Wie sehen Sie die Rolle der Bundespolitik beim Thema informatische Bildung? Was kann sie tun, um die Bemühungen von Ländern wie Schleswig-Holstein auf dem Weg zum Pflichtfach zu unterstützen?

KP    Vor dem Hintergrund einer sehr dynamischen Entwicklung im gesamten IT-Bereich ist ein Digitalpakt 2.0 unabdingbar, insbesondere im Hinblick auf die hohen Kosten im Bereich KI-gestützter Systeme. Hier wäre sogar auf einen europäischen Ansatz zu drängen.

Und was wünschen Sie sich von der Bundespolitik, Herr Schwarz?

RS    Vieles!

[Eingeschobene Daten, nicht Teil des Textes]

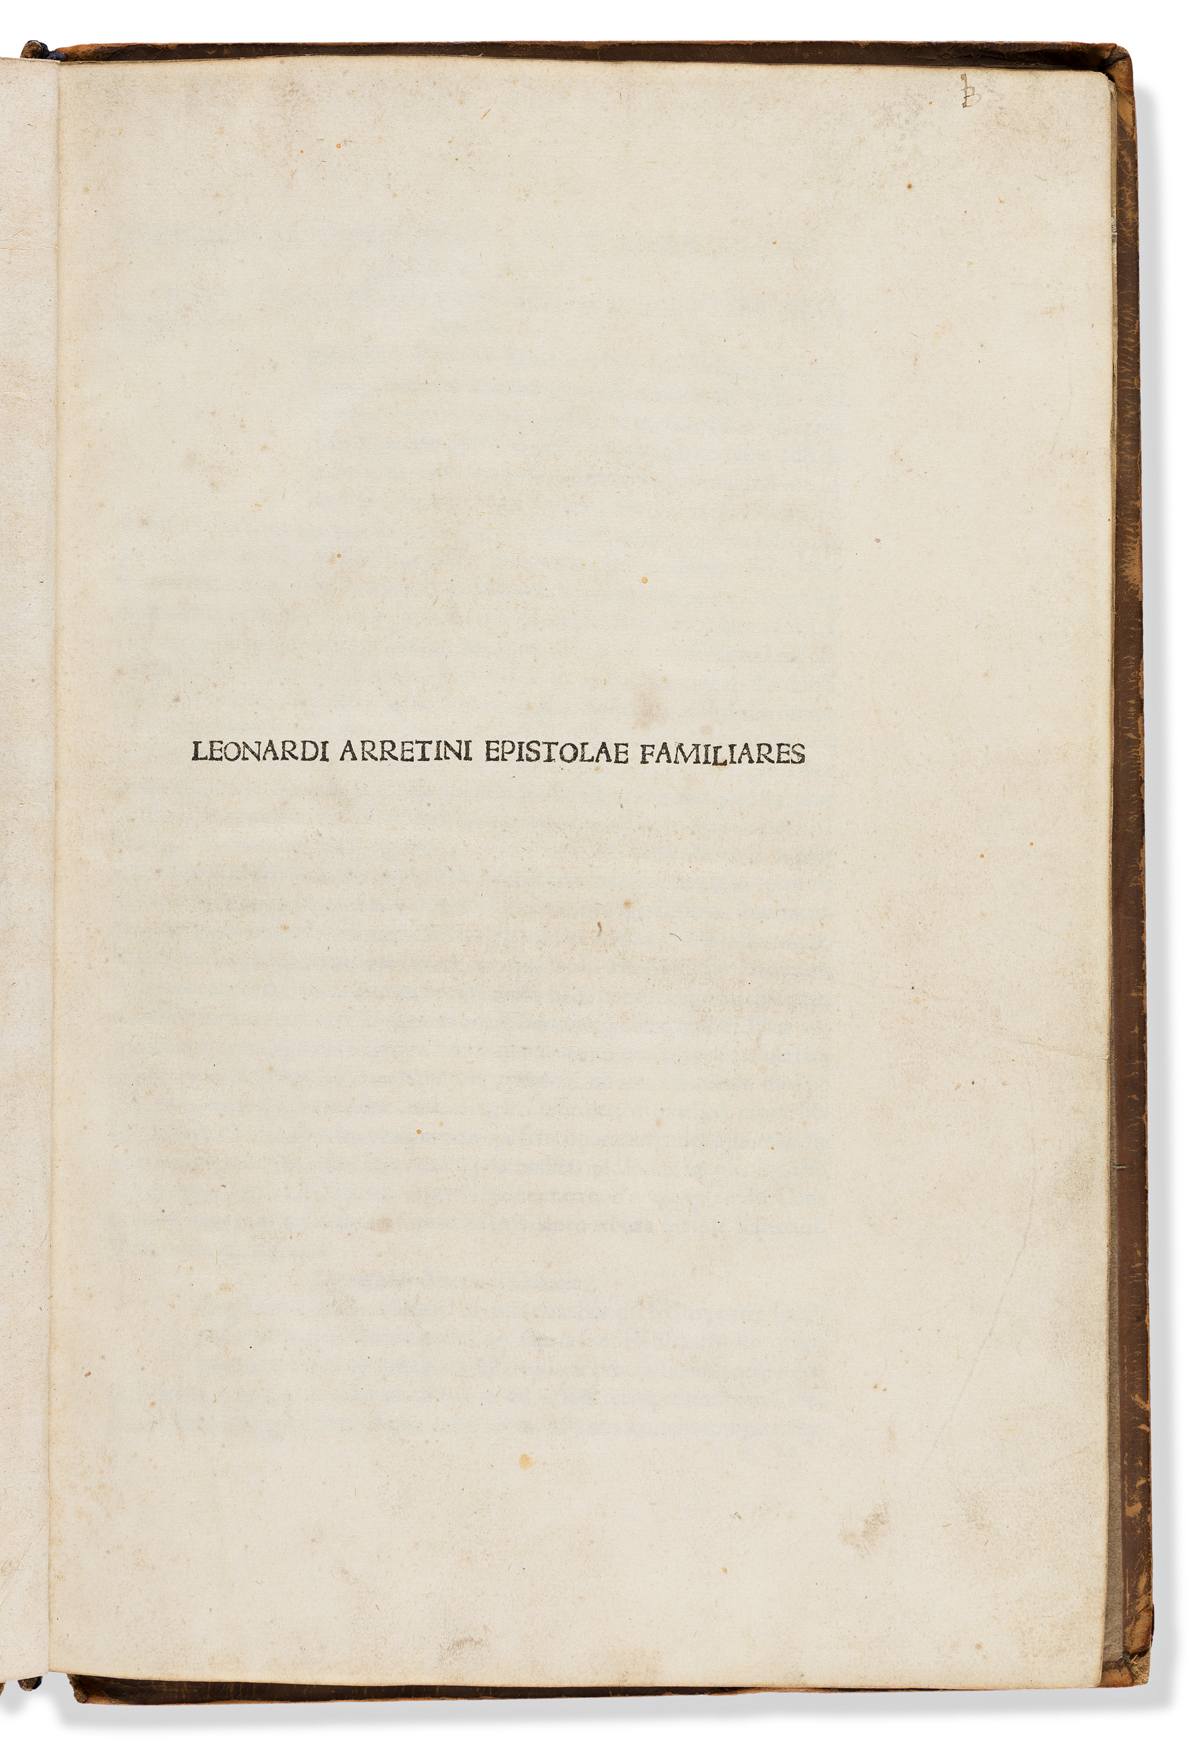 Bruni Aretino, Leonardo (1369-1444) Epistolarum Familiarium Libri VIII.

Es fängt schon damit an: Bundespolitik im Bereich Bildung ist ja an sich eine komplexe Sache, da Beschlüsse nicht bindend sind. Die GI hat mit den Bildungsstandards einen guten Aufschlag dazu gemacht, dass es allgemein akzeptierte Kompetenzen und Inhalte gibt, an denen sich alle Bundesländer orientieren können. So wäre auch das Problem gebändigt, dass es durch den Flickenteppich je nach Bundesland keine guten Lehrbücher und Lehrmaterialien gibt. Solche für die Informatik zu erstellen, scheint für Verlage nicht sehr attraktiv zu sein. Bisher hält sich die Kultusministerkonferenz aber zurück, diese Bildungsstandards offiziell anzuerkennen. Hier würde ich mir wünschen, dass es initiiert wird, auf einen gleichen Nenner zu kommen. Außerdem müssen sich jene Bundesländer, die sehr hinterherhinken, in den Austausch begeben und von anderen beraten lassen.

Inwiefern?

RS    Ich glaube, mehr Austausch mit anderen Bundesländern, mit der GI oder auf Basis des Informatik-Monitors ist hier essenziell. So träge und reaktiv, wie es mir derzeit in der Bildungspolitik erscheint, kann es nicht bleiben. Hier ist Proaktivität gefragt, um Deutschland und die Generation von morgen zukunfts­fähig zu machen. Ich kann jetzt schwer verlangen, den Bildungsföderalismus abzuschaffen, der ja innovationsfördernd sein soll, aber für die Einführung des Pflichtfachs Informatik ist das kaum der Fall, wie mir scheint.

Wie schätzen Sie persönlich die Bedeutung von Informatikunterricht ein?

KP    Die technische Entwicklung ist derart rasant, dass sich schon heute niemand mehr auf ein Wissen berufen kann, das vor 20 oder sogar erst zehn Jahren erworben wurde. Vor diesem Hintergrund gewinnt die Vermittlung fachübergreifender Future Skills an Bedeutung. Dazu gehören technologische Kompetenzen wie Kenntnisse in Data Analytics und Künstlicher Intelligenz. Hier ist der verpflichtende Informatikunterricht ein guter und notwendiger Weg – und diesen Weg haben wir in Schleswig-Holstein jetzt begonnen.

RS    Das kreative, kritische und problemlösende Denken lernt man sehr gut in der Informatik. Diese Kompetenzen können über die Informatik hinaus wertvoll sein; für andere Fächer und Disziplinen genauso wie für das ganze Leben. Meine persönliche Neugier geht darüber hinaus, Informatiksysteme und Werkzeuge einfach nur effizient zu nutzen. Wir sind heute alltäglich mit digitalen Medien beschäftigt – zumindest ein Stück weit zu verstehen, wie sie im Hintergrund funktionieren, hat für mich auch etwas mit Mündigkeit, mit Demokratie und Partizipation zu tun. So kann ich auch auf dieser Basis Entscheidungen treffen und nicht nur, weil etwas schön aussieht.

„So träge und reaktiv, wie es mir derzeit in der Bildungs­politik erscheint, kann es nicht bleiben. Hier ist Proaktivität gefragt, um Deutschland und die Generation von morgen zukunftsfähig zu machen.“
Richard Schwarz

Karin Prien

ist seit Juni 2017 Ministerin für Allgemeine und Berufliche Bildung, Wissenschaft, Forschung und Kultur des Landes Schleswig-­Holstein sowie eine von fünf stell­vertretenden Bundes­vorsitzenden der CDU. Im Jahr 2022 war sie zudem Präsidentin der Kultusministerkonferenz.

Richard Schwarz

ist Informatik­lehrer an einer Schule in Berlin und Mit-­Autor des Informatik-Monitors. Seit 2023 ist er auch Teil des Bildungsteams der Berliner Geschäftsstelle der GI.